In addition, the present invention comprises the steps of providing a substrate including a pixel region and an encapsulation region; Forming an organic light emitting display device on the pixel area of the substrate; Providing an encapsulation substrate having an encapsulation area and an electric field application area; And bonding the encapsulation substrate and the substrate so that the encapsulation region of the encapsulation substrate and the encapsulation region of the substrate correspond to each other, wherein the encapsulation substrate is positioned in the encapsulation region of the encapsulation substrate and is formed in a first direction. 1 conductive layer; A second conductive layer positioned in an encapsulation area of the encapsulation substrate and formed in a second direction; A third conductive layer formed in the electric field application region of the encapsulation substrate and extending from the first conductive layer; And a fourth conductive layer formed in the electric field application region of the encapsulation substrate and extending from the second conductive layer.
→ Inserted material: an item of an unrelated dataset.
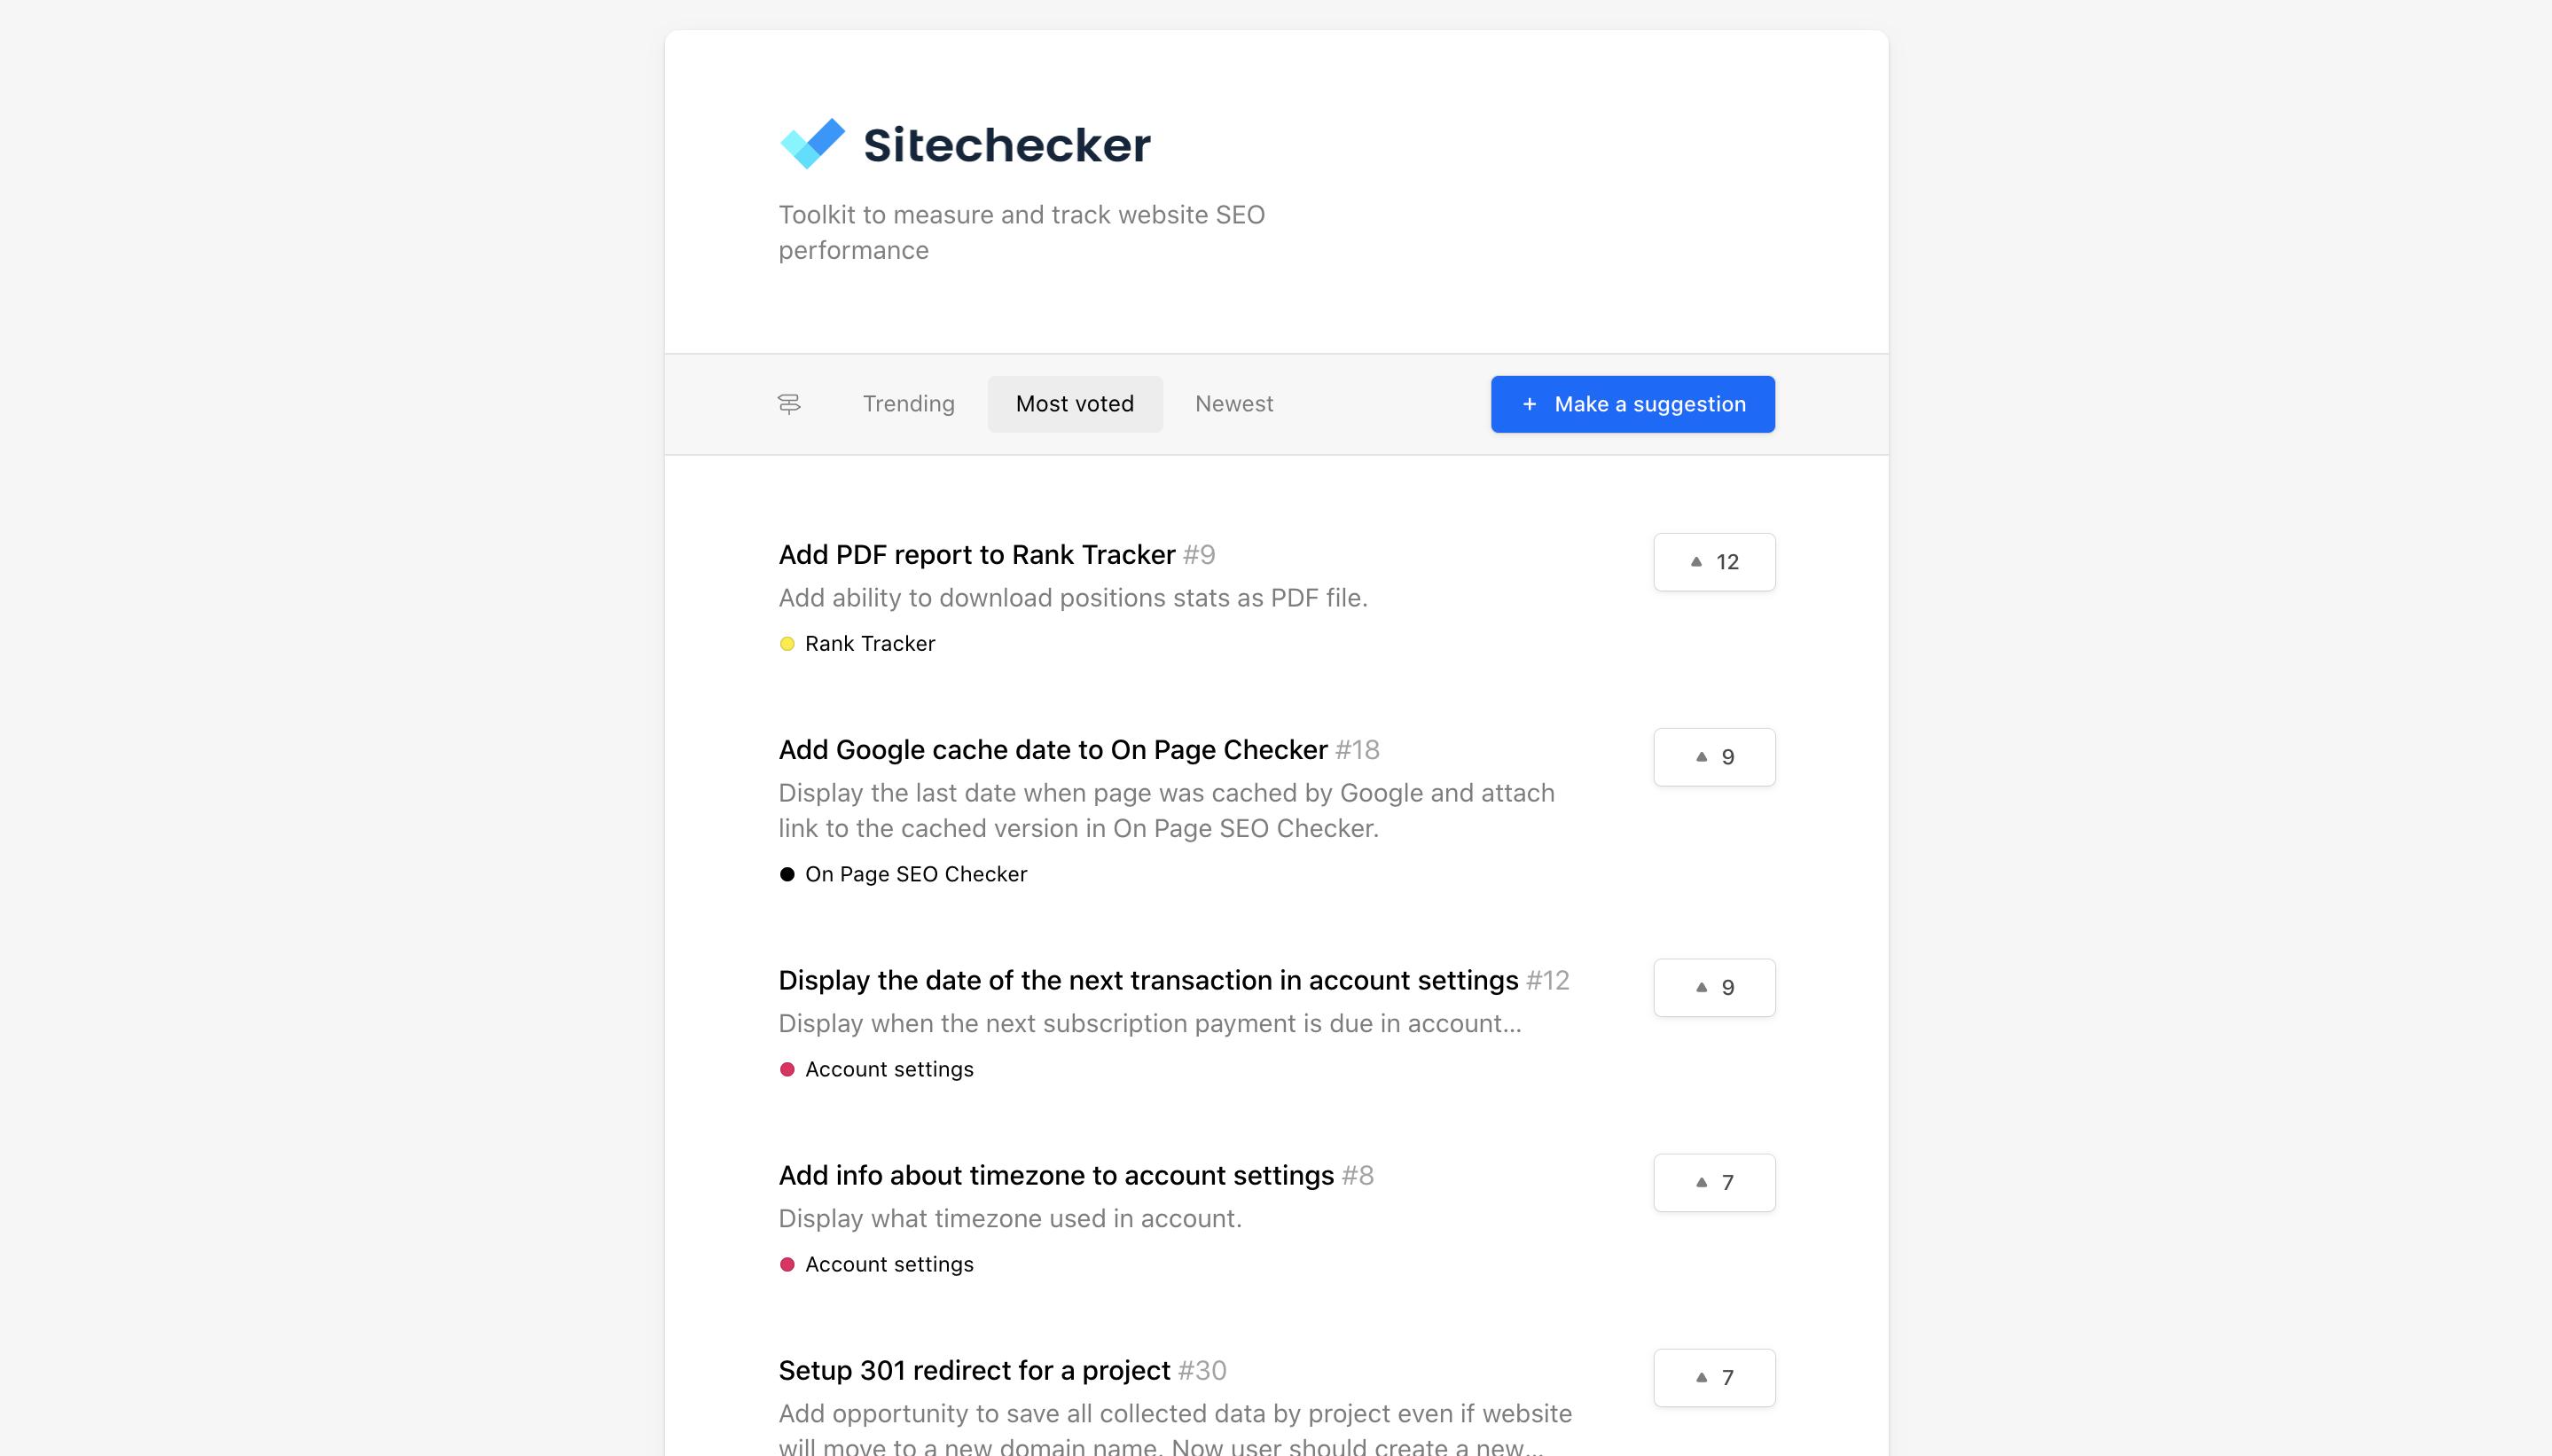 sitechecker features roadmap

The present invention may further include a step of adhering and encapsulating the encapsulating substrate and the substrate after the step of adhering the encapsulating substrate and the substrate to each other. The present invention provides a method of manufacturing an organic light emitting display device, the method including melting the glass frit by applying an electric field to a conductive layer or a fourth conductive layer.

In the organic light emitting display device according to the present invention, by applying an electric field to the conductive layer, applying Joule heat to the glass frit formed on the upper or lower portion of the conductive layer to seal the sealing substrate, the manufacturing cost is reduced, and the processing time is reduced. There is an effect that can be significantly reduced.

Embodiments of the present invention will be described in detail with reference to the accompanying drawings. However, the present invention is not limited to the embodiments described herein and may be embodied in other forms. Rather, the embodiments introduced herein are provided so that the disclosure may be made thorough and complete, and to fully convey the spirit of the present invention to those skilled in the art. In the drawings, the thicknesses of layers and regions are exaggerated for clarity. In addition, where a layer is said to be "on" another layer or substrate, it may be formed directly on the other layer or substrate, or a third layer may be interposed therebetween. Portions denoted by like reference numerals denote like elements throughout the specification.

FIG. 2A is a plan view showing a sealing substrate according to a first embodiment of the present invention, FIG. 2B is a sectional view taken along the line AA of FIG. 2A, FIG. 2C is a sectional view taken along the line BB of FIG. 2A, and FIG. 2D is a CC of FIG. 2A. Sectional view along the line.

2A to 2D, the encapsulation substrate 300 according to the first embodiment of the present invention includes a pixel region I, an encapsulation region II, and an electric field applying region III. In this case, the pixel region I corresponds to the region corresponding to the pixel region I of the device substrate, which will be described later, and the encapsulation region II, to the encapsulation region II of the device substrate, described later. It corresponds to the corresponding area. The electric field applying region III is a region in which a third conductive layer for applying an electric field to a conductive layer, which will be described later, is formed.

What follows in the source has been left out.